The new grand jury report states that the emails and other documents show that Spanier, Curley and Schultz at first agreed to report to child welfare authorities a 2001 allegation by former graduate assistant Mike McQueary that he saw Sandusky sexually abusing a young boy in the Penn State shower. One indication of how serious they took it was found in documents showing that Schultz sought legal advice from Penn State’s outside lawyer, Wendell Courtney, who billed the school for a “Conference with G Schultz re reporting of suspected child abuse.”

But Curley later changed his mind “after talking it over with Joe” — a reference to the late coach Joe Paterno. (At the news conference, Kelly declined to speculate on whether Paterno would have been charged in the case had he been alive.) They then developed a new plan to encourage Sandusky to seek professional help. “This approach is acceptable to me,” Spanier wrote in a Feb. 27, 2001, email to Curley and Schultz.

Spanier added: “The only downside for us if the message isn’t ‘heard’ and acted upon, and we then become vulnerable for not having reported it. But that can be assessed down the road. The approach you outline and a reasonable way to proceed.”

According to the new grand jury report, Spanier initially told investigators in March 2011 that he knew nothing about the 1998 police probe of Sandusky (despite emails showing he was briefed on the investigation) and was given only sketchy information about the 2001 allegation, believing that involved only a contention of Sandusky “horse playing around” with a child. And he later made similar comments before a grand jury, including testifying  that there was “no discussion” about reporting the 2001 incident to child welfare or police — part of the basis for the perjury charge against him.

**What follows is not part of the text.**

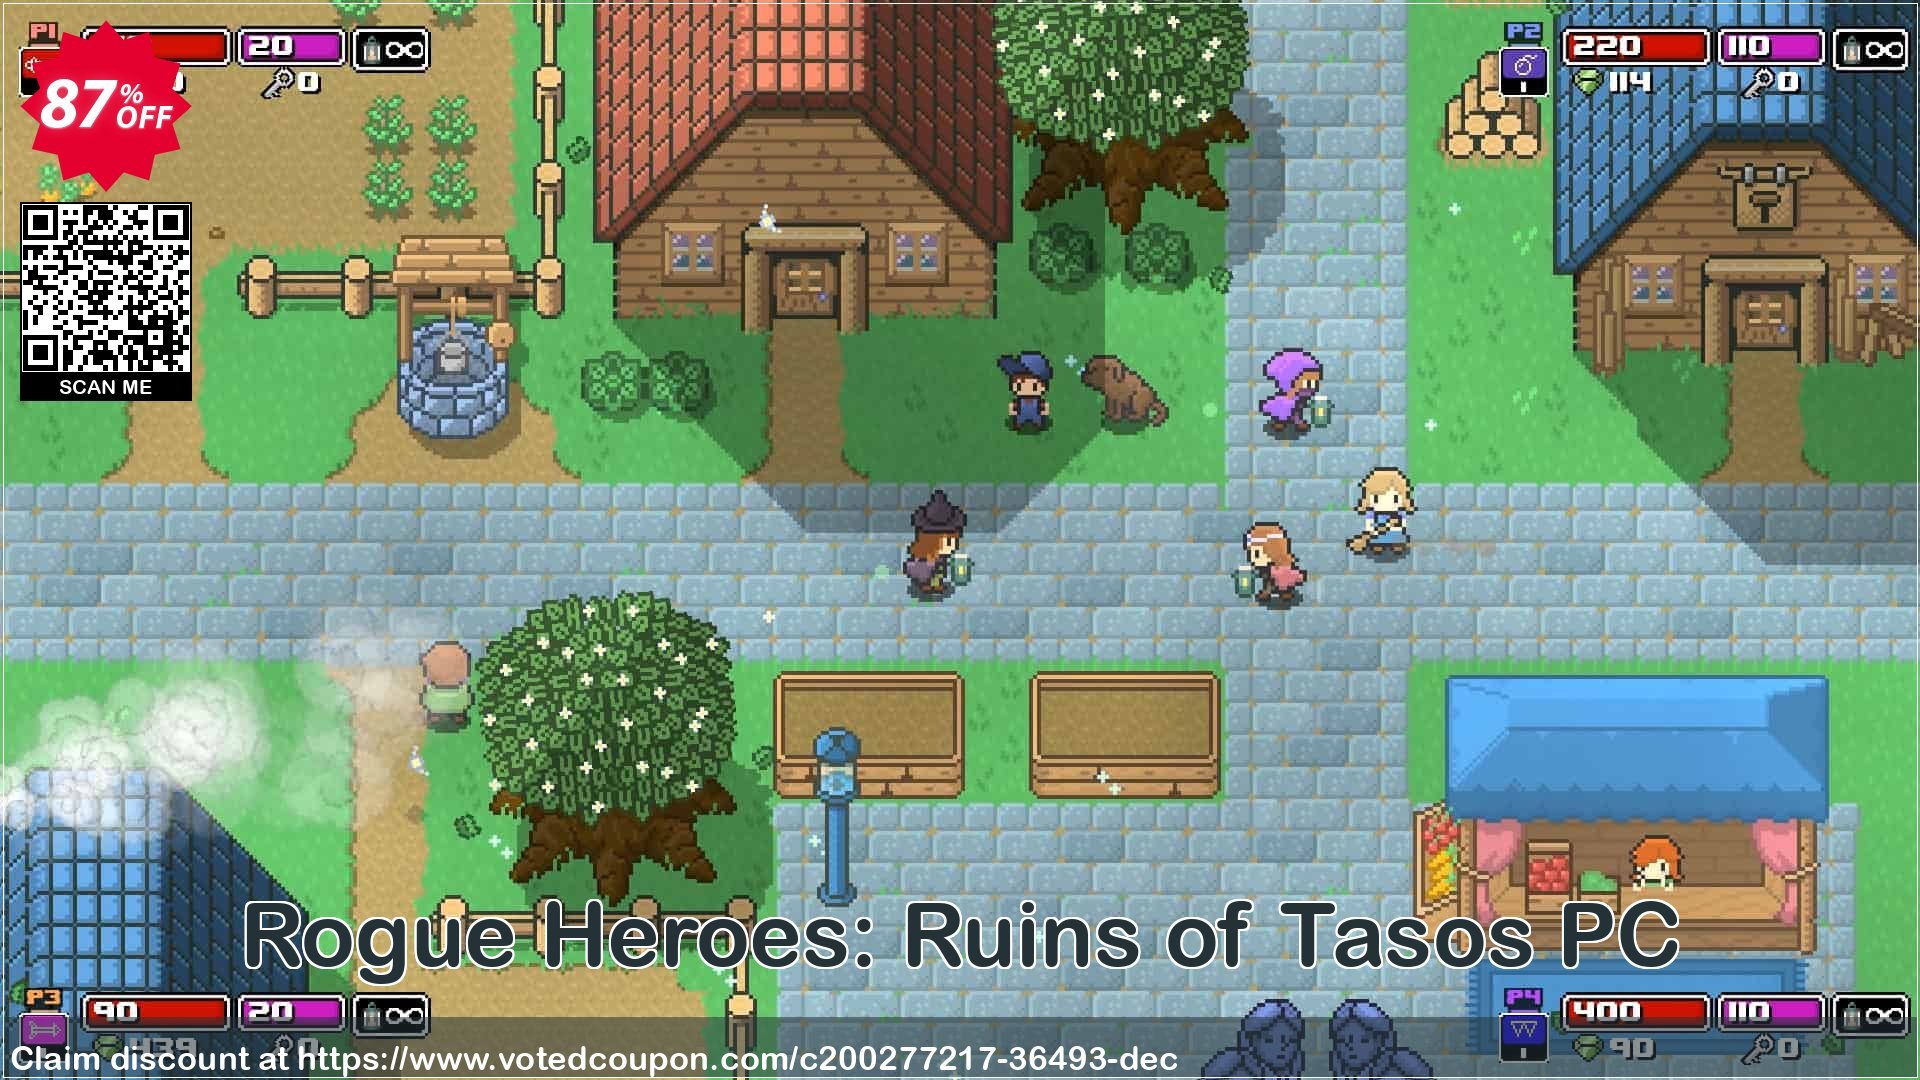 Rogue Heroes: Ruins of Tasos PC Coupon Code Apr 2024, 87% OFF - VotedCoupon
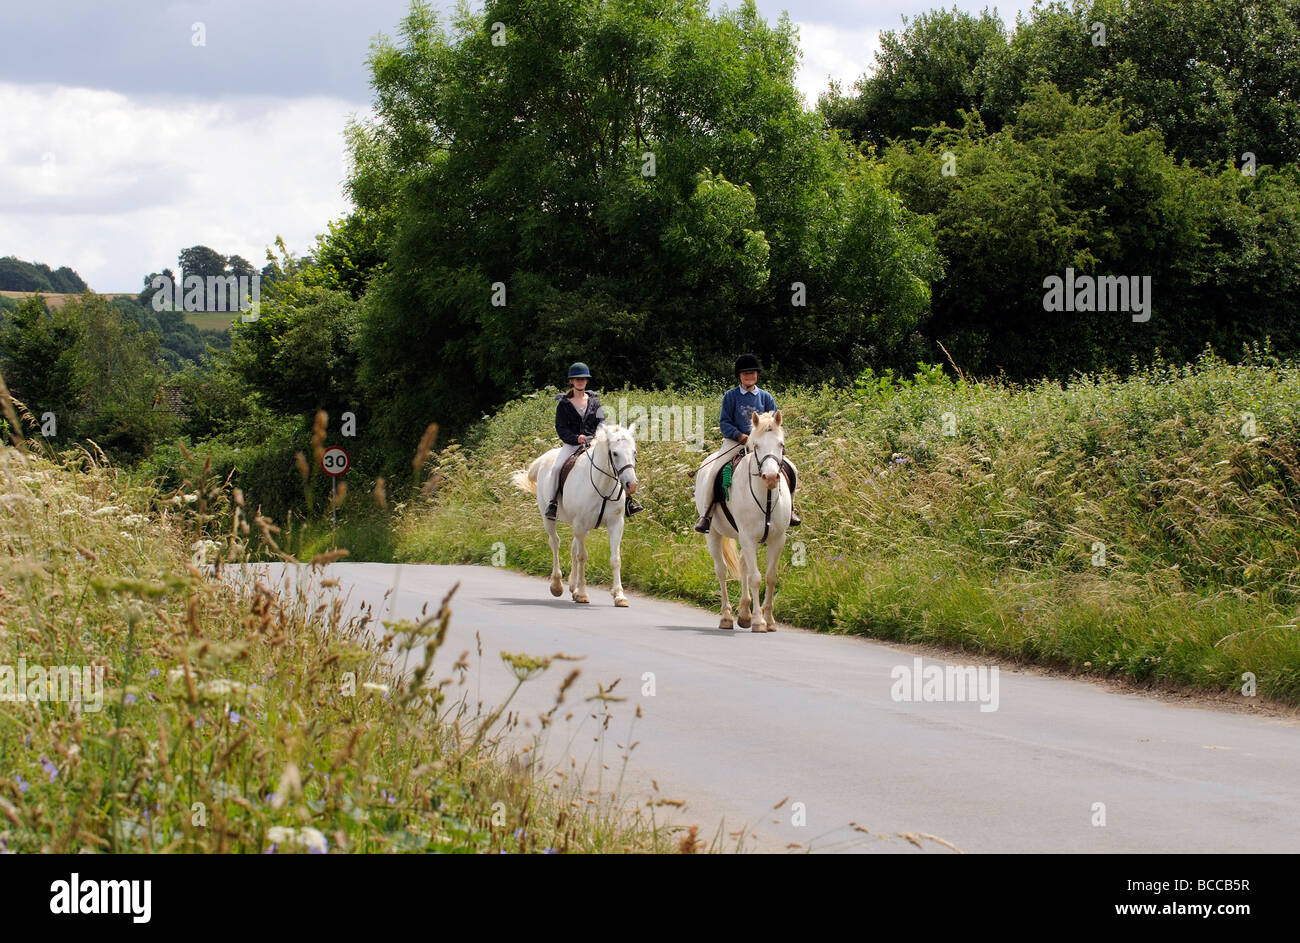 Horse riders on a country road in the Cotswolds Gloucestershire England UK Stock Photo

The report says that Spanier never told the Penn State trustees about either the 1998 or 2001 allegations. When he did brief the board in May 2011 — after a newspaper story first disclosed the investigation into Sandusky — Spanier directed the university’s chief lawyer, Cynthia Baldwin, to leave the room and then “specifically informed the Board that the investigation had nothing to do with Penn State and that the investigation was regarding a child in Clinton County [Pennsylvania] without affiliation with Penn State,” the grand jury report states.